Vittorio Rossi’s premiere of The Envelope featured an array of colorful and conniving film industry professionals.

This play centres around an Italian playwright, who is considering two offers for the film rights to his newest play, Romeo Rises. One offer is from a Canadian filmmaker who can give him a large amount of money up front. In Rossi’s world, the Canadian film industry is somewhat notorious for taking original scripts and twisting them into something different from the playwright’s intentions. The counter-offer is from an indie filmmaker in Los Angeles who can’t offer the same budget, but has connections to large companies and the potential for bigger audiences.
The set consisted of a cozy Italian restaurant and the street that runs in front of it.

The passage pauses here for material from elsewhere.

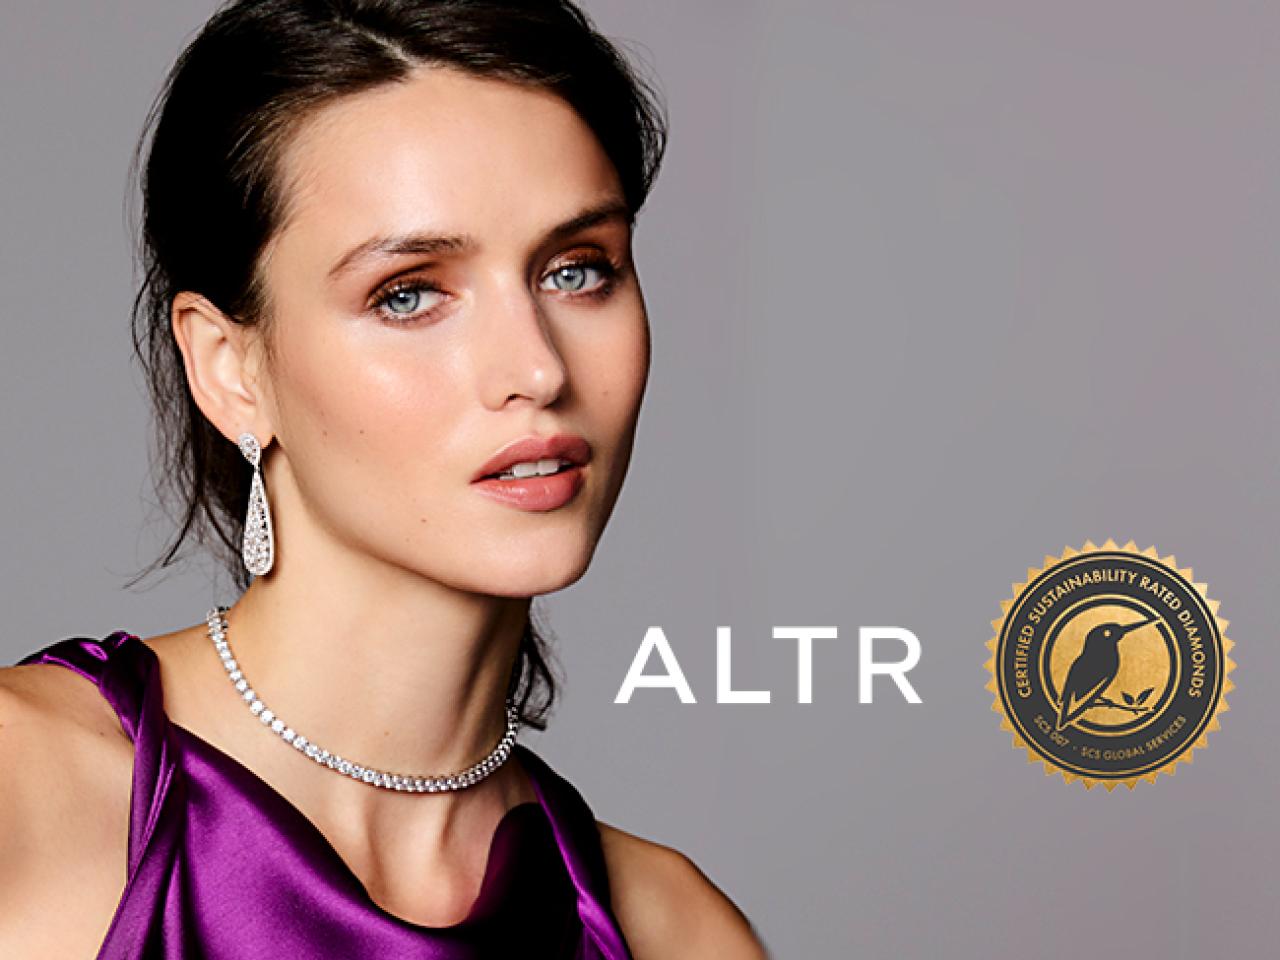 ALTR becomes World’s First SCS-007 Certified Lab Grown Diamond Producer with a Sustainability Rating Score of 100
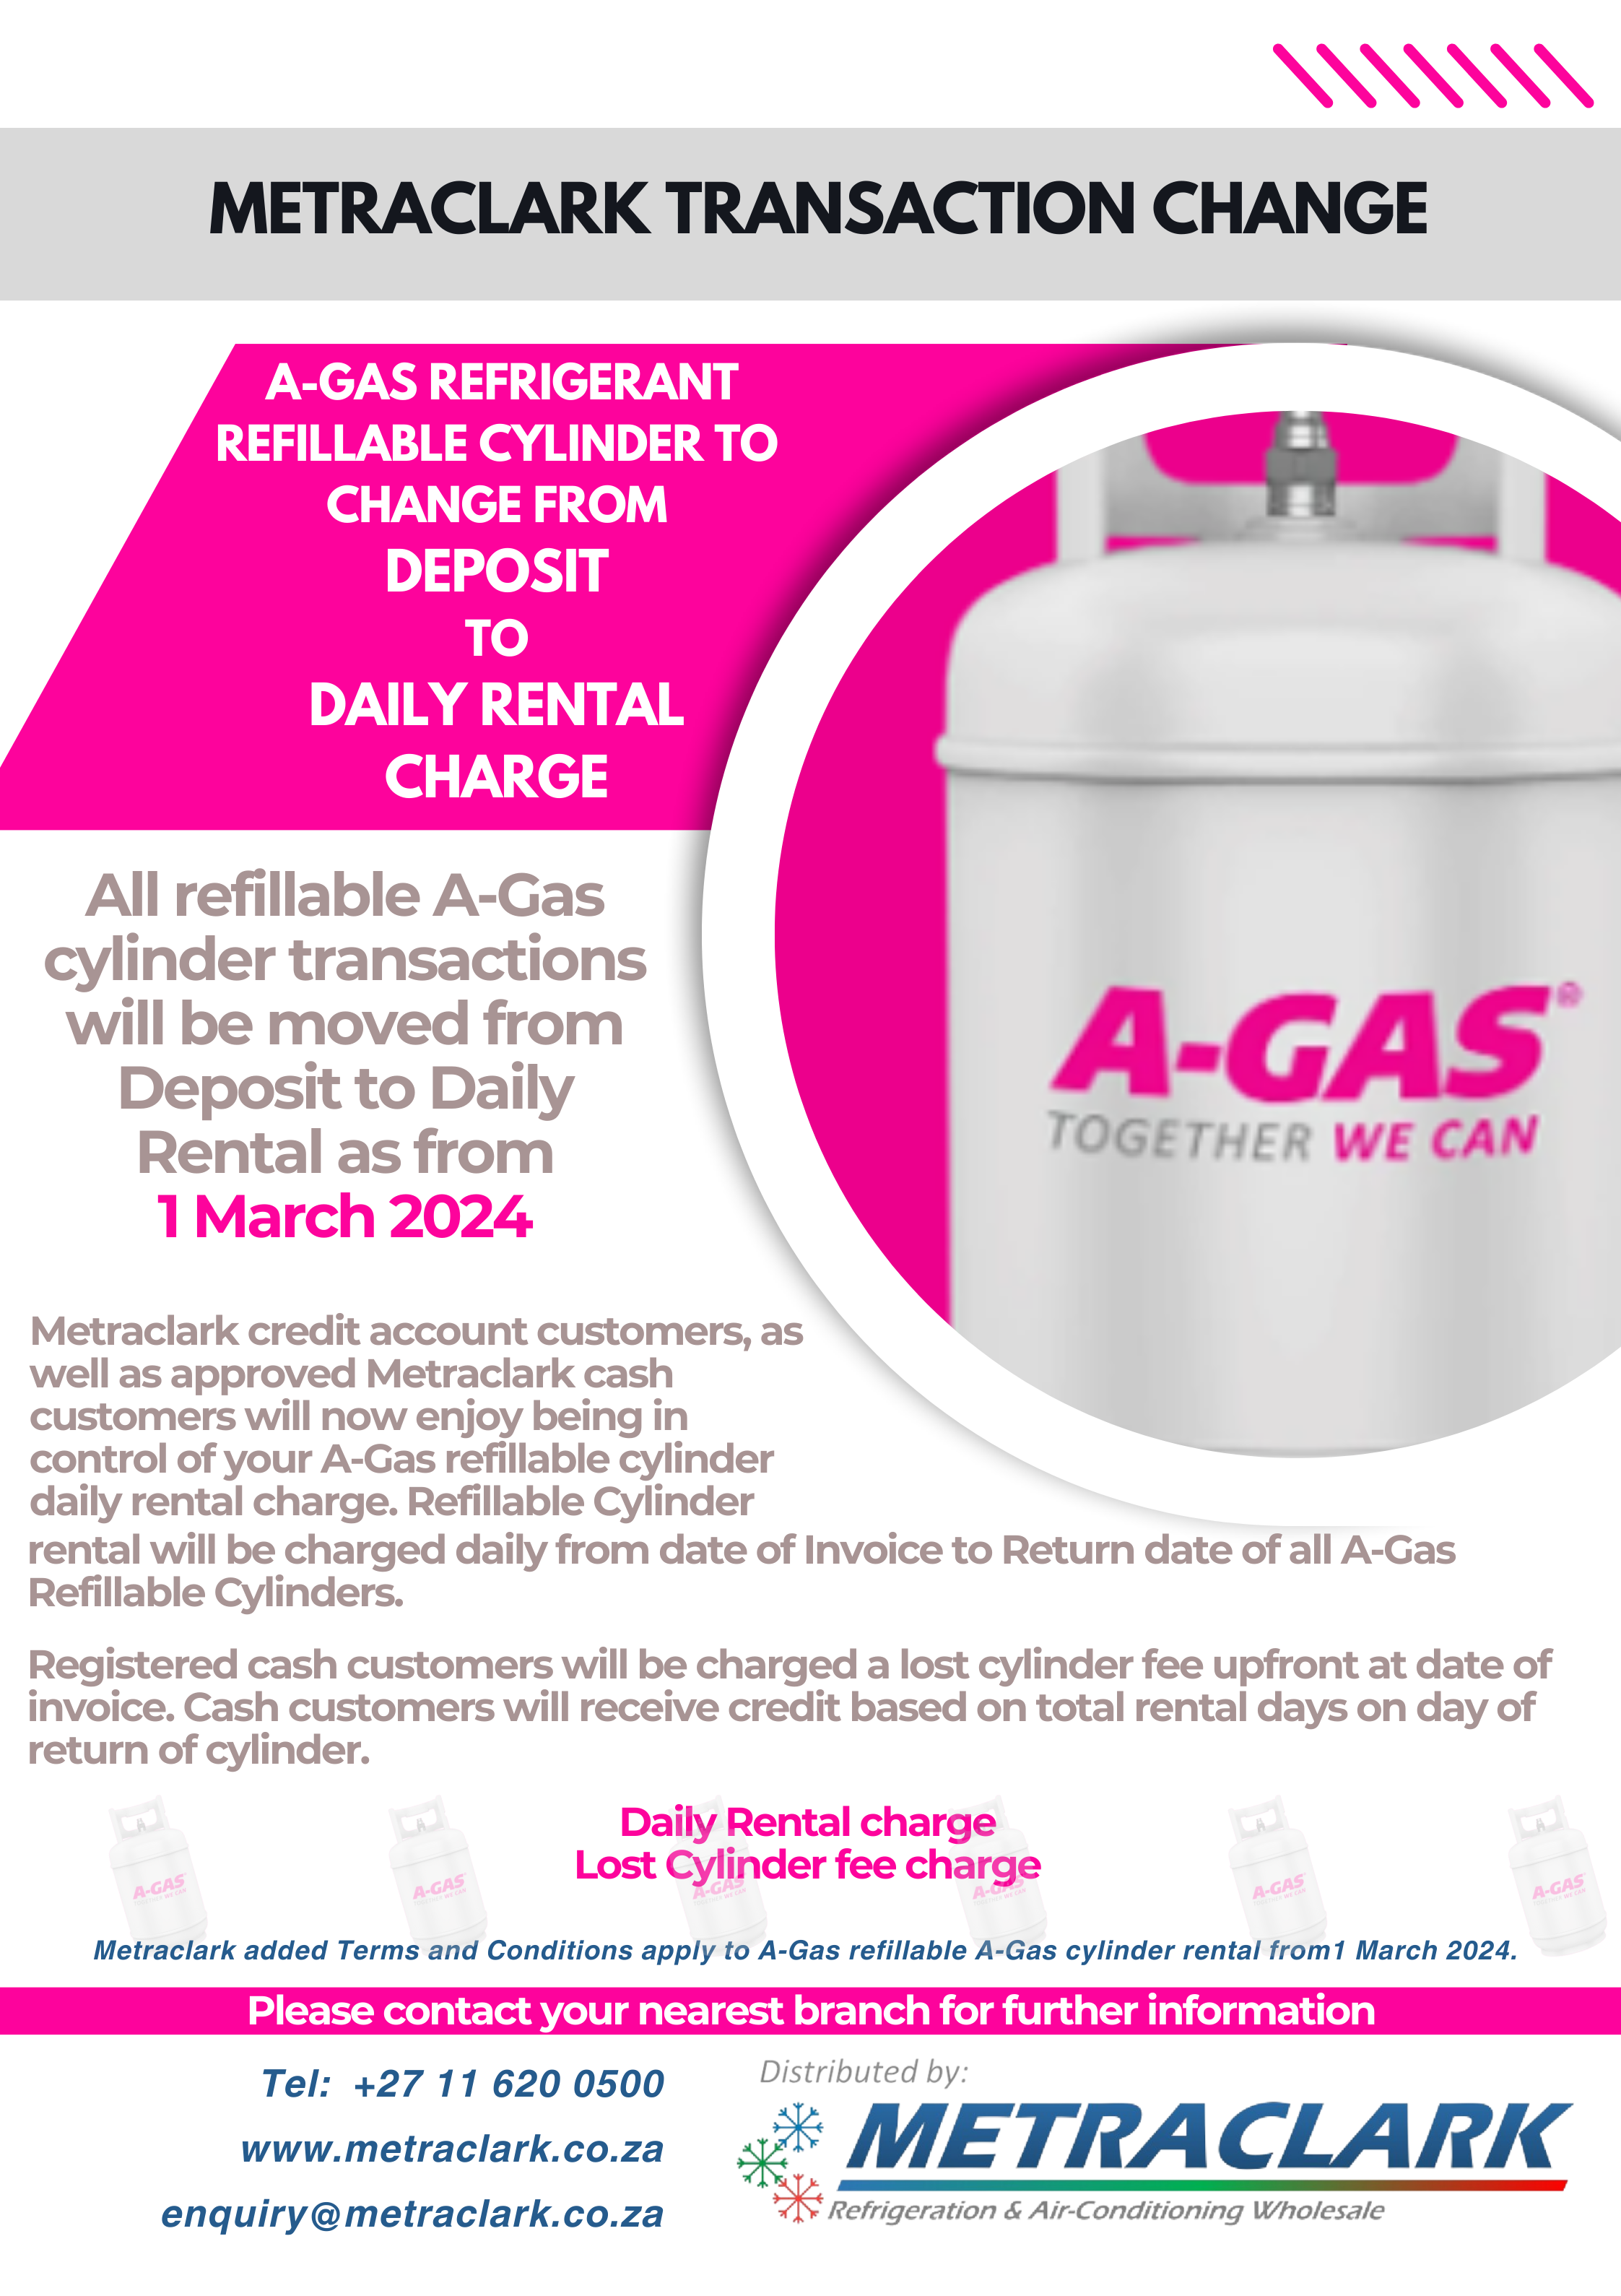 All refillable A-Gas cylinder transactions will be moved from Deposit to Daily Rental as from 1 March 2024.

The restaurant was warm, beautifully decorated, and felt familiar. The lighting design, as it always seems to be at the Centaur, was exquisite. It created a welcoming vibe in the restaurant as well as a delicate evening glow in the street.

The characters in the show were lively and captivating, but two actors in particular stood out in this performance. Tony Calabretta, who played restaurant owner Franco, portrayed a down-to-earth, no-nonsense Italian man who came across very honestly. Calabretta’s energy and passion really brought the character to life.

The other bright point in the cast was Shawn Campbell, who played Andrew, one of the actors in Romeo Rises. Andrew’s character is a pretty typical stage actor (“ac-TOR!” as is said in the play) who loves his work, complains about everything, and adores himself. Campbell brought so much to the role without overdoing it. Everything from the way he walked, the way he interacted with other characters, and the way he shaped his words was perfectly placed. He managed to make Andrew a fun character without being so conceited that the audience was unavoidably annoyed with him.

The script itself was quite well-written. The language sparkled throughout the show, and the exchanges between characters were conversational and genuine. Rossi also wove some things into the script to make it self-aware but, again, without overdoing it. The playwright character makes reference to the set he envisions for the play Romeo Rises, which consists of an Italian restaurant with a visible street in front (sound familiar?)

The Envelope is a fascinating view of the professional art world. It’s a must-see for anyone who is interested in the Canadian film industry or aspires to work professionally in any art business. The show asks a lot of questions about the way our country supports its artists, and that’s an important message that should be heard.

The Envelope is being staged at the Centaur theatre until April 19th.